2) La « voix du regard » : le travail de modélisation

Leur parole a ensuite pour vocation de verbaliser le visible, en renvoyant au comédien l’image (verbale) de ce qu’ils ont fait : ainsi, aux « modèles », plus ou moins utopiques, que sa parole peut porter, comme on l’a vu précédemment, s’adjoignent des « modélisations ». La modélisation, qui consiste dans le vocabulaire scientifique en la mise en équation d’un phénomène complexe, désigne pour nous dans l’interaction de mise en scène la « mise en discours » de ce qui est advenu sur scène, phénomène plus que tout autre complexe, et que la parole de mise en scène tente de fixer par des mots - on retrouve ici le processus langagier qui tend à transformer des marques en signes : pour être érigé en signe théâtral, la phénoménalité des manifestations advenues sur le plateau doit transiter par une expression linguistique, qui sert d’abord de miroir à l’acteur :

‘Diriger les acteurs, c’est rarement de la direction, justement. C’est de les observer et de leur restituer l’image qu’ils produisent déjà eux-mêmes, donc de les rendre conscients de l’image qu’ils construisent. [...] Je transforme en fiction ce qui leur est naturel. 731

C’est ce qui fait dire à Antoine Vitez que l’art de la mise en scène est un art du faire refaire : « il ne s’agit pas de leur dire : « vous allez faire ceci ou cela », mais de voir ce qu’ils font et de leur demander de le refaire » 732 . Ici, le terme de « répétition », pour qualifier le travail qui s’y joue, est plus motivé que jamais : faire naître un signe de théâtre consiste pour beaucoup à faire répéter (exécuter à nouveau) une forme qui était advenue « naturellement » ; à vrai dire, le terme de « naturel », qui apparaît dans les propos de Vitez ne nous plaît guère : rien, sur une scène de théatre, n’est tout à fait naturel, et Antoine Vitez le sait bien qui insistait sur le fait que dès qu’un acteur est sur scène, « il est inspiré », et ce « même quand il n’est pas inspiré » 733 . Naturel, intentionnel ? - pour nous ce qui advient sur le plateau, avant d’être relayé par la parole de mise en scène, ne peut être analysé selon ces critères, et nous n’y voyons que des « marques » : mais dès que ces signes en puissance sont modélisés par le metteur en scène, et appelés à être produits à nouveau, ils deviennent des signes théâtraux. Est-il besoin de rappeler, d’ailleurs, que selon Saussure, c’est de la répétition que naît le signe, et que, comme le glose après lui Roland Barthes, « c’est parce que les signes se répètent que la langue est possible » 734 . Il est tentant - même si, reconnaissons-le, nous faisons subir au sens de l’énoncé une torsion par rapport à son horizon de signification premier, purement linguistique - d’appliquer telle quelle la formule à notre objet d’étude : c’est de la répétition (de théâtre), évidemment, que naît le signe (de théâtre), et c’est parce que chaque forme périverbale s’y répète qu’elle devient signe, et peut entrer dans la langue dans laquelle on écrit les mises en scène.

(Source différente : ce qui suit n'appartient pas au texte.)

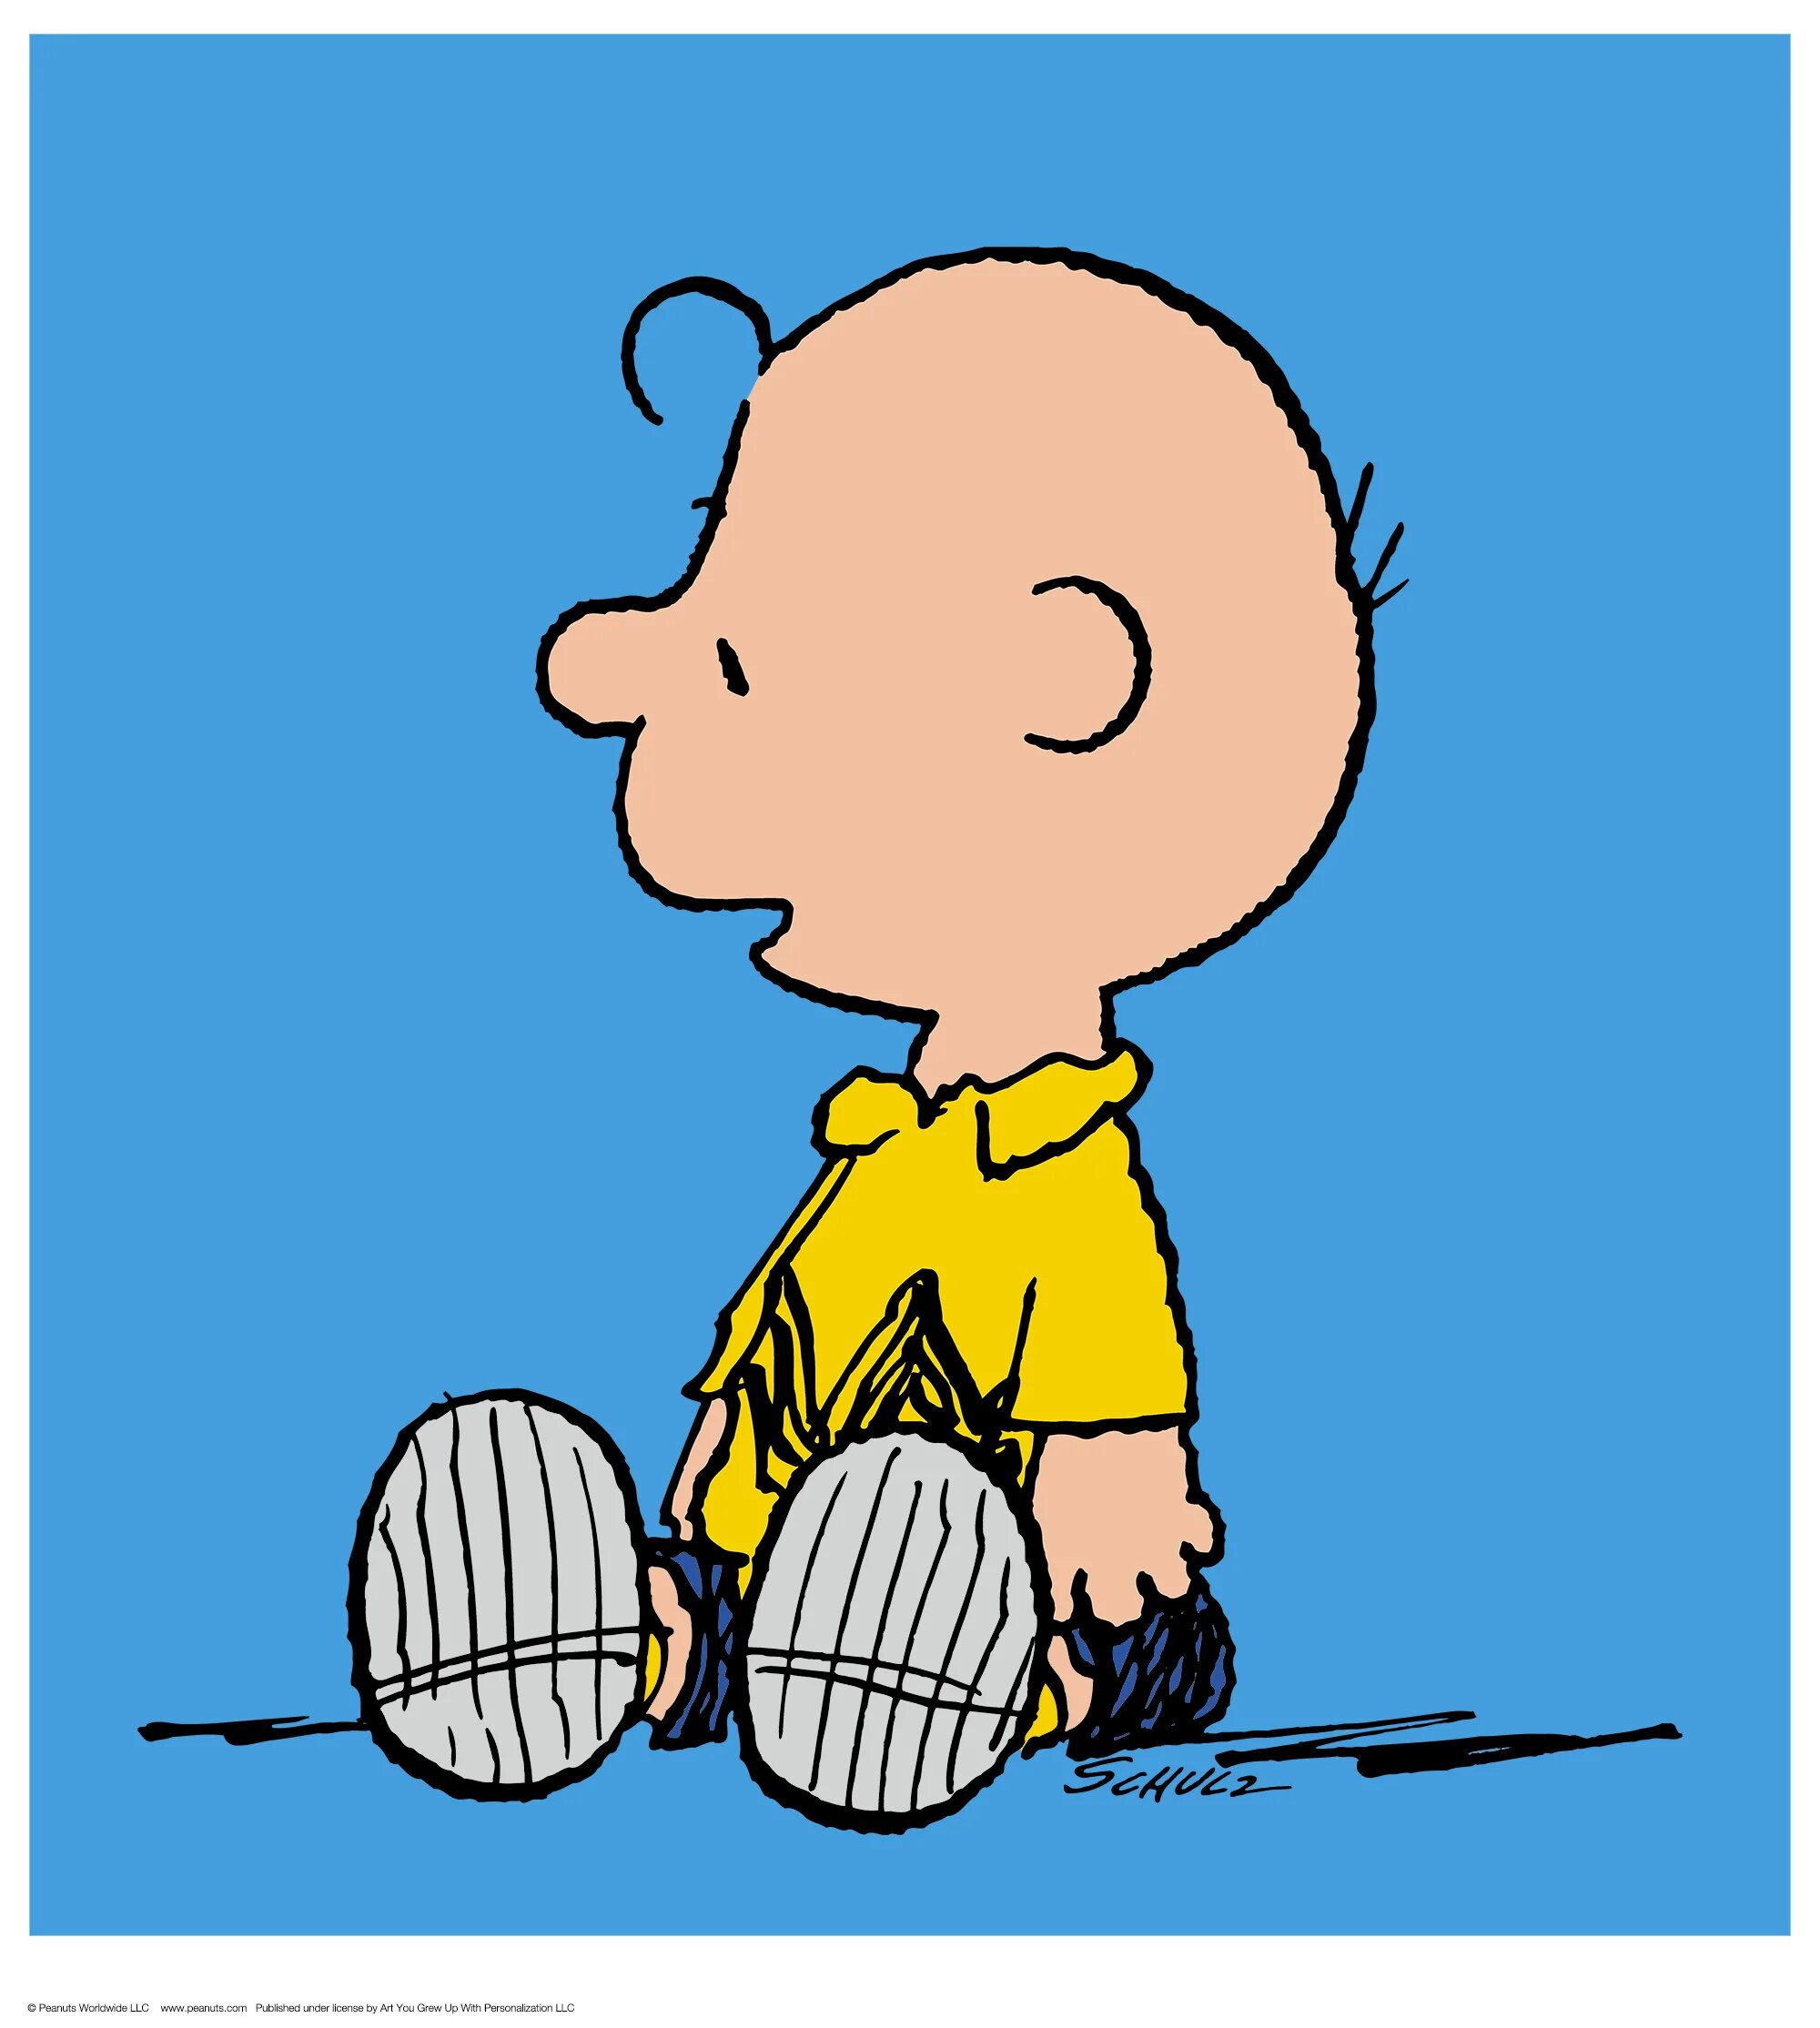 Charlie brown. Чарли Браун. Peanuts Charlie Brown. Чарли Браун Peanuts персонаж.

Chaque forme périverbale s’y répète ? Non : il en est aussi certaines qu’on modélise, qu’on verbalise, pour les exclure, et il convient de marquer une distinction entre les « modélisations » de pérennisation, et les modélisations de refus.

Notes
731.

Antoine Vitez, in L’Ane n°7, mai-juin 1982, réed. in “ Un regard médiumnique ”, Alternatives théâtrales n°52-53-54, p. 16.

732.

Antoine Vitez, in Théâtre/Public n°100, juillet-août 1991.

733.

Antoine Vitez, Journal intime de théâtre, documentaire cité.

734.

Roland Barthes, “ Eléments de sémiologie ”, in L’Aventure sémiologique, p. 63.